Despite its lack of business license, the Respondent continued to operate its storefront, which eventually led to the City seeking a court-ordered injunction. The Court found no reason to refuse the order as it was very clear that the City was trying to enforce a valid bylaw that the Respondent continued to breach. Interestingly, the Court concluded by saying to the Respondent that “if and when the law changes” some of the Respondent’s arguments could create an appropriate defense to the City’s action.
In some senses, the Abbotsford decision represents a fairly straightforward case of a court granting an injunction that allows a municipality to compel compliance with its bylaws. This said, the Court’s comments addressing some of the Respondent’s arguments about the perceived “unfairness” of targeting marihuana retailers may serve as a red flag for municipalities seeking to more finely control marihuana storefronts in the event that these businesses are no longer prohibited by federal laws.

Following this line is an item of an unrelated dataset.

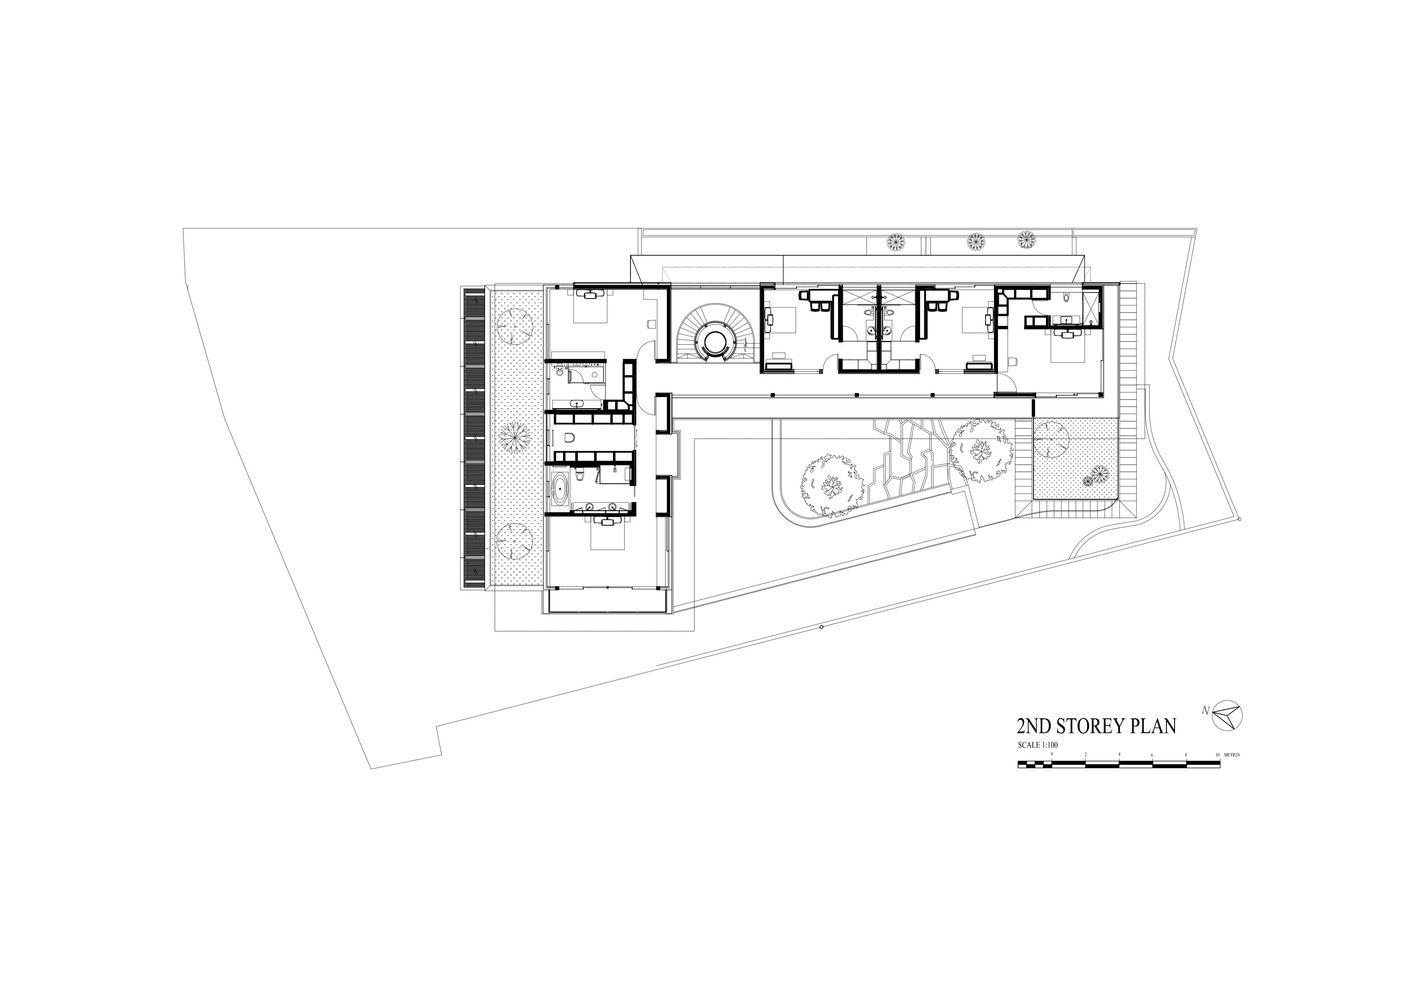 Gallery Of Botanica House Guz Architects 12 Architect Botanica How To Plan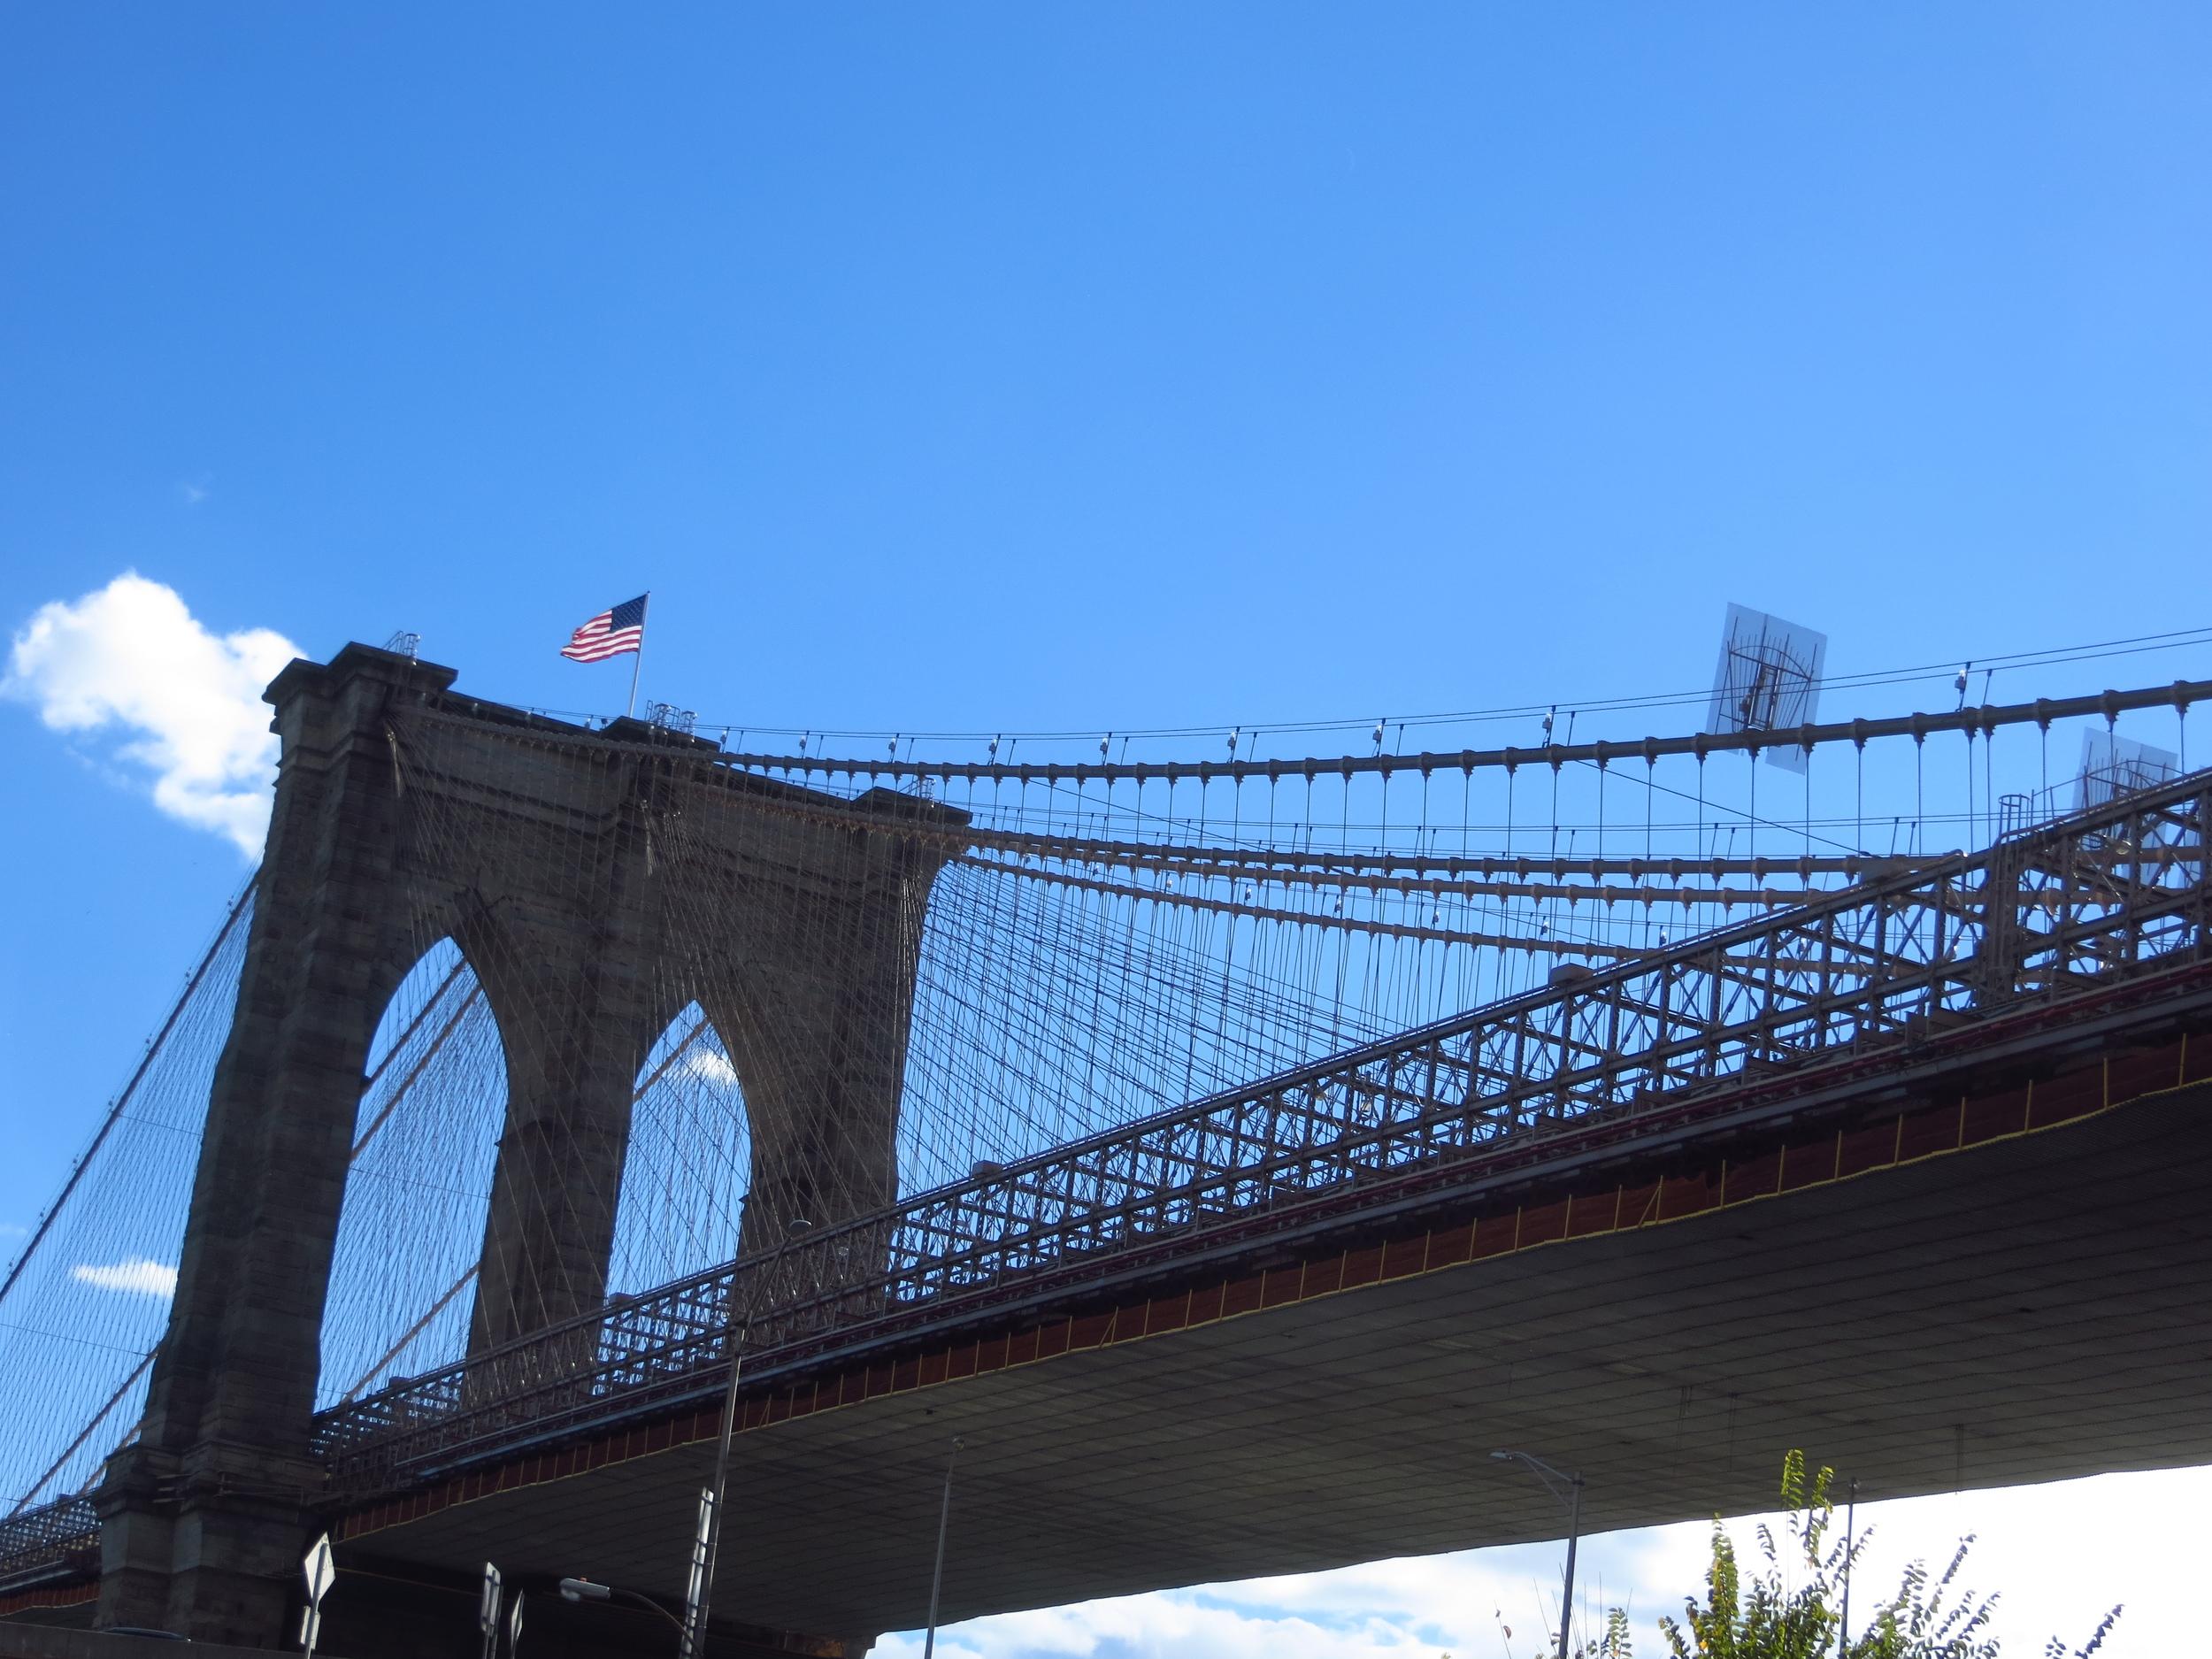 More Brooklyn Bridge

There may soon be a time that, due to changes in the federal laws governing the sale of marihuana, municipalities will have to look for new ways to appropriately regulate marihuana retail operations. Changes to the federal legal landscape regulating the sale of marihuana could make it much more difficult for municipalities to refuse business licences for operations like “Weed, Glass, and Gifts”, and local governments should consider reviewing their land use and business licensing bylaws to ensure that, if legalized, they would be ready to proceed with bylaw amendments to determine the location and licensing regulations for marihuana retail operations. This will help ensure that they, like any other business or use, are appropriately regulated and sited. Such forward thinking will help to reduce any negative impacts that a unique new player to the retail scene could have on local governments and the people they serve.